Overview of systematic reviews - a new type of study. Part II: Overview de revisões sistemáticas - um novo tipo de estudo. Parte II
- ️Thu Nov 15 2288
ABSTRACT
CONTEXT AND OBJECTIVE:
Overviews of Systematic Reviews (OoRs) are a new type of study in which multiple evidence from systematic reviews (SRs) is compiled into an accessible and useful document. The aim here was to describe the state of the art and critically assess Cochrane OoRs that have been published.
DESIGN AND SETTING:
Descriptive study conducted at a research center.
METHODS:
The OoRs identified through the filter developed in Part I of this study were evaluated in five domains: methodological quality; quality of evidence; implications for practice; general profile of OoRs; and length of work.
RESULTS:
All 13 OoRs included had high methodological quality. Some OoRs did not present sufficient data to judge the quality of evidence; using sensitivity analysis, the quality of evidence of the OoRs increased. Regarding implications for practice, 64% of the interventions were judged as beneficial or harmful, while 36% of them showed insufficient evidence for judgment. It is expected (with 95% confidence interval) that one OoR will include 9,462 to 64,469 patients, 9 to 29 systematic reviews and 80 to 344 primary studies, and assess 6 to 21 interventions; and that 50 to 92% of OoRs will produce meta-analysis. The OoRs generated 2 to 26 meta-analyses over a period of 18 to 31 months.
CONCLUSION:
The OoRs presented high methodological quality; the quality of evidence tended to be moderate/high; most interventions were judged to be beneficial/harmful; the mean length of work was 24 months. The OoR profile adds power to decision-making.

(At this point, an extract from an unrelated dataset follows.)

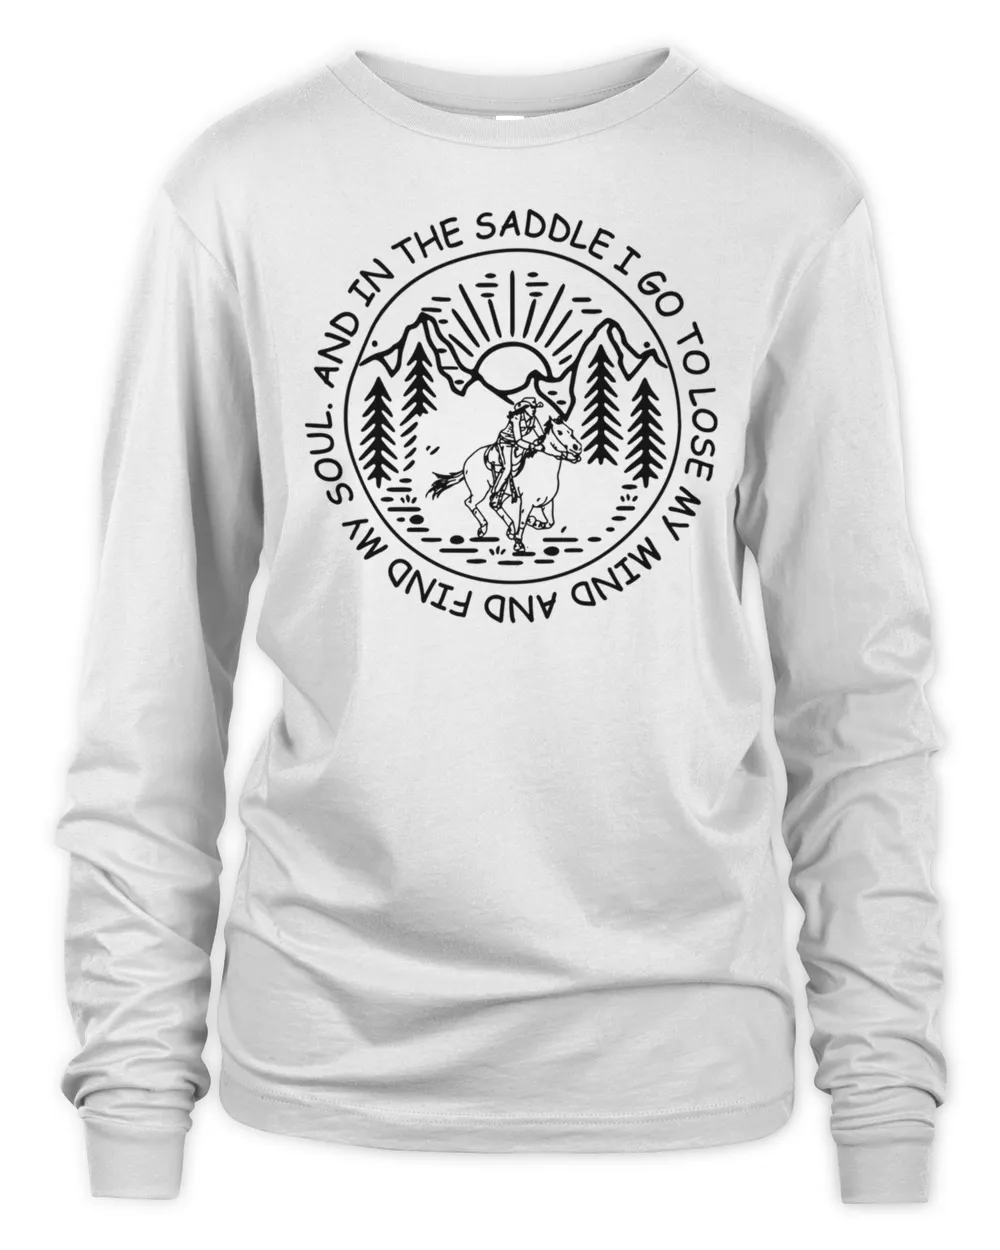 Ride a horse And Into The Saddle I Go to lose my mind and find my soul T-Shirt

KEY WORDS: Review [publication type], Study characteristics [publication type], Decision making, Evidence-based practice, Evidence-based medicine
INTRODUCTION
Overviews of Systematic Reviews (OoRs) are a new type of study that has been proposed by the Cochrane Collaboration in order to compile multiple evidence from systematic reviews (SRs) into a single document that is accessible and useful. Each OoR focuses on a problem or medical condition for which two or more SRs have addressed potential interventions and their outcomes.1,2,3,4,5,6
One SR rarely addresses all potential interventions for a condition, and healthcare policymakers may have difficulty in finding, evaluating, comparing and summarizing the information from all the relevant SRs.3,4 Thus, the main objective of OoRs is to serve as a friendly front end for the Cochrane Collaboration with regard to healthcare decision-making. The relevant SRs are integrated and/or summarized into a single document, i.e. an OoR. This, in theory, allows the reader to have access to an integrated summary of a long list of studies included in Cochrane SRs.1,2,3,4,5,6 Therefore, the primary audience for OoRs are healthcare decision-makers, such as healthcare professionals, policymakers and informed consumers who, through the Cochrane Library, seek evidence on treatments for various health conditions.1,2
The first part1,2 of this series of three articles on OoRs focused on the growth of publications with the best level of evidence available for healthcare decision-making. It provided justifications for implementing this new type of study, as well as defining who the target audience are. Furthermore, a filter was created and applied in order to search for specific OoRs in the Cochrane Library.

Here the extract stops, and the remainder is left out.